Now he calls me 20 times the day with no exception, since 5 month. He misses and loves me, he apologizes that he was 'infatuated with 2 women' (his words) - but thats it. He informs me about each step he is doing but if its about the past events he shuts down and keeps saying he loves me like a prayer wheel.

His words are not doing it anymore. I am expecting straight deeds. I cannot settle for less than I want because trust needs to be rebuilded. So, I raised the bar very high.

I did this because of the love I still feel for him. It won't work without it.

Because of his long and lonely life with his parents (dominating father, cold mother) he is not really socialized. He developed addictions and compulsions (MB), his first choice is the lie. He is a minimzer if the truth is out.

I also know he is extremely afraid to lose his good image, that somebody could "think bad" about him.

Many things that came with the package I saw already before but was willing to take. But not all that what came out later.

So, now comes my question:

Beside a full self-disclosure I need his apology in front of this ex manager. The way she reacts will show me if there was more than he confessed. But more importantly it will be very uncomfortable and embarrassing for him and afterwards she won't like him anymore. I need him to take that to finally give up on some opportunities and options, to act one time in his life straight, honest and responsible. (I won't be very comfortable for me either but this time I am willing to take it).

Do you think thats too much I expect? Any suggestions how I can prepare this situation?

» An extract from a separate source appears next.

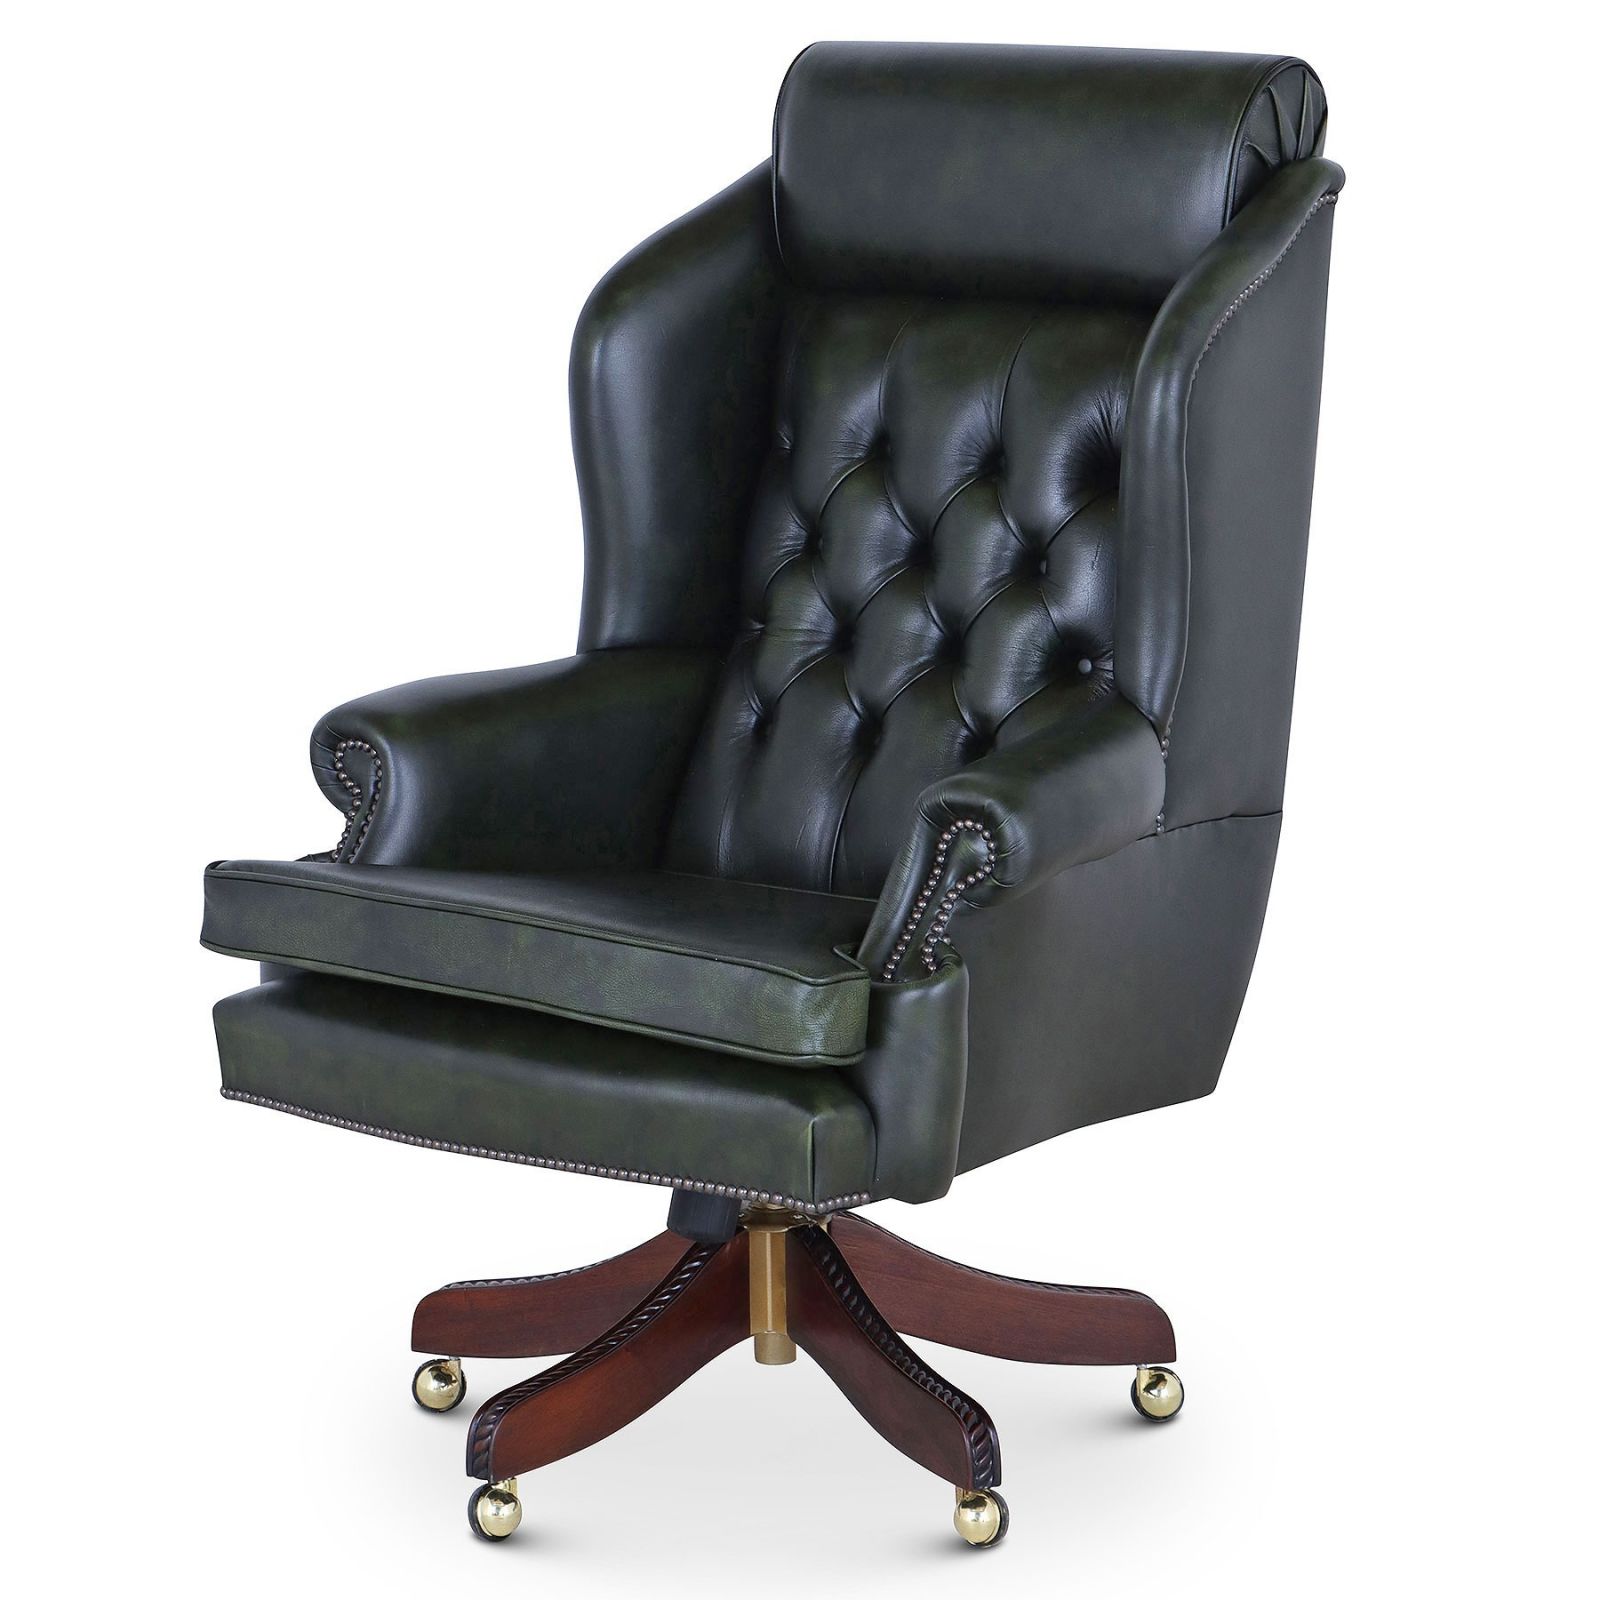 Ambassador swivel leather desk chair in dark green, Desk Chairs from

Thanks for reading this novel

Posted

So, now comes my question:

Beside a full self-disclosure I need his apology in front of this ex manager. The way she reacts will show me if there was more than he confessed. But more importantly it will be very uncomfortable and embarrassing for him and afterwards she won't like him anymore. I need him to take that to finally give up on some opportunities and options, to act one time in his life straight, honest and responsible. (I won't be very comfortable for me either but this time I am willing to take it).

Do you think thats too much I expect? Any suggestions how I can prepare this situation?

Thanks for reading this novel

 

Hello & welcome. Full disclosure is okay, but be prepared for what you'll hear. I don't think that doing the whole apology in front of his manager will really make a difference on how she feels about him, but that's just a guess.

 

It seems to me that this man is a serial cheater, having done it on his ex-wife (with you) and then two MORE women while with you. I think you're setting yourself up for more heartbreak in the future, but that's just my opinion. Serial cheaters rarely give up their ways - they just get better at hiding things.

 

Just my $0.02 - best of luck to you whatever you choose...

Posted

Its not so much about to make her feel different about him. I don't even think she got feelings for him. When I put down that she is a single looking woman then to complete the picture. I think it was more of a one sided mind affair. I guess, actually I need him to 'out himself' like a drinker is telling others he stopped drinking to make it harder for himself to fall back - like a self prevention. You might ask why all this effort? I just still believe deep down inside he is a very desperate man who goes through a late maturity process. Unfortunatley I witnessed it. I just love him and hoped there was still a way to rescue this realtionship. I also know I won't settle for less. Thats why I'm gone. I know, its pretty confusing, sorry.

Posted

I doubt if you would get full disclosure..this guy is a habitual liar and a serial cheater. I think your best bet is to get far far away from him. Yes, he has issues, but let's not blame the parents...he made conscious choices to behave in this manner...lots of people come from dysfunctional homes and don't cheat and lie. If you want to remain with him then expect that his cheating and lying will be something you will have to accept as part of who he is...he won't change.